I'm taking 3 classes this semester, which I realize is a lot. I have the same professor for two of the classes. After taking our last exam of the semester, this professor released a list of our names and ranks in his classes. I'm doing slightly below average even though it's my field of study. I received As on all the homeworks and Bs on the final exams. I know my grades are good,  but now I feel like I'm underperforming and not cut out for a PhD.

Research:

I'm on an RA-ship this semester and getting almost no direction on the project I'm working on. As I mentioned before, I am completely new to this field of study. I don't feel that I know enough to be in charge of arranging and executing all of our measurements, but that is what I'm tasked with. I have weekly meetings with my advisor, and I know I should be grateful to at least have that.
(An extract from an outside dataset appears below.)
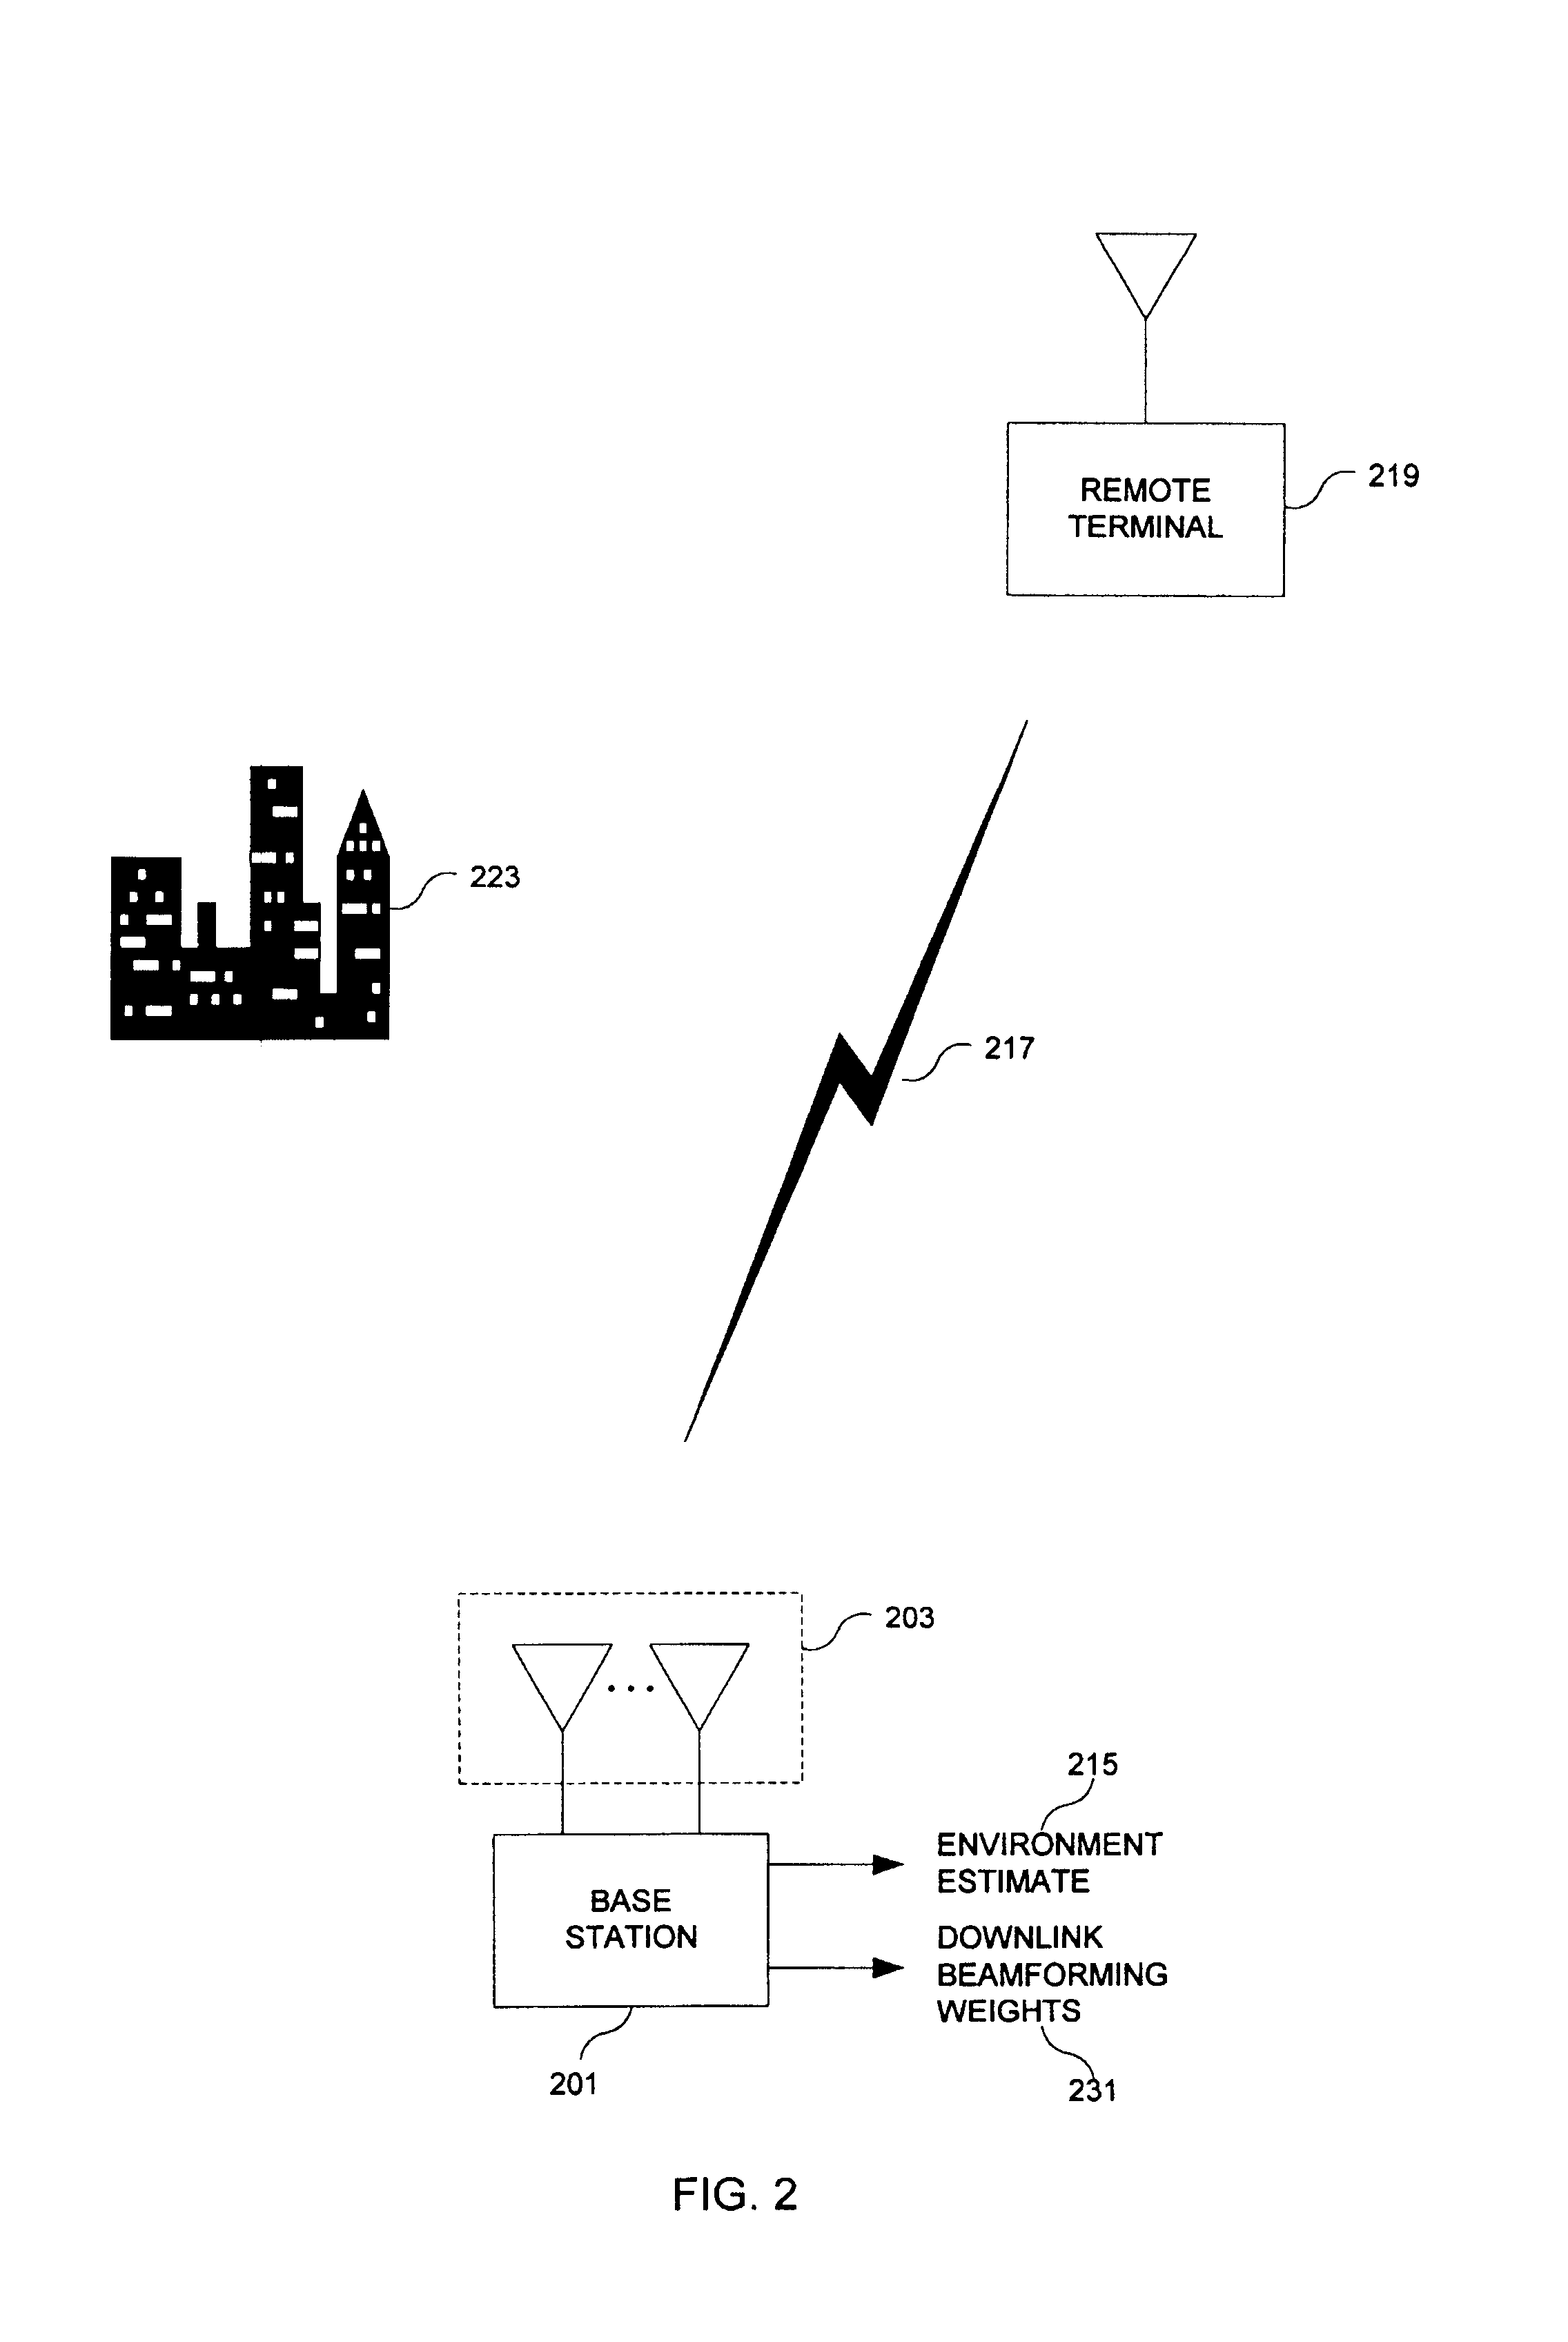 Method and apparatus for estimating downlink beamforming weights in a communications system

I prepare extensively beforehand, usually writing out a list of questions I have and putting together figures to explain what I did that week, but our meetings are never productive. He never seems to be listening to me and sometimes even plays guitar or grinds coffee beans while I'm speaking. I find it so incredibly rude and I leave the meetings feeling defeated and like I don't even know enough to be asking the right questions. I'm really shy, I take anxiety meds before our meetings to help me speak up, but even when I go in feeling confident I leave feeling like an idiot. Since I feel like I'm not making enough progress, I've resorted to ending the meetings by asking "Is there anything you think I should do this week?" I didn't think there was anything wrong with asking that until last week when we hosted a potential PhD recruit and my advisor mentioned that the screening exam was "to weed out grad students who need hand holding and weekly tasks to get any work done." I'm probably overthinking it, but it seemed like a slight at me.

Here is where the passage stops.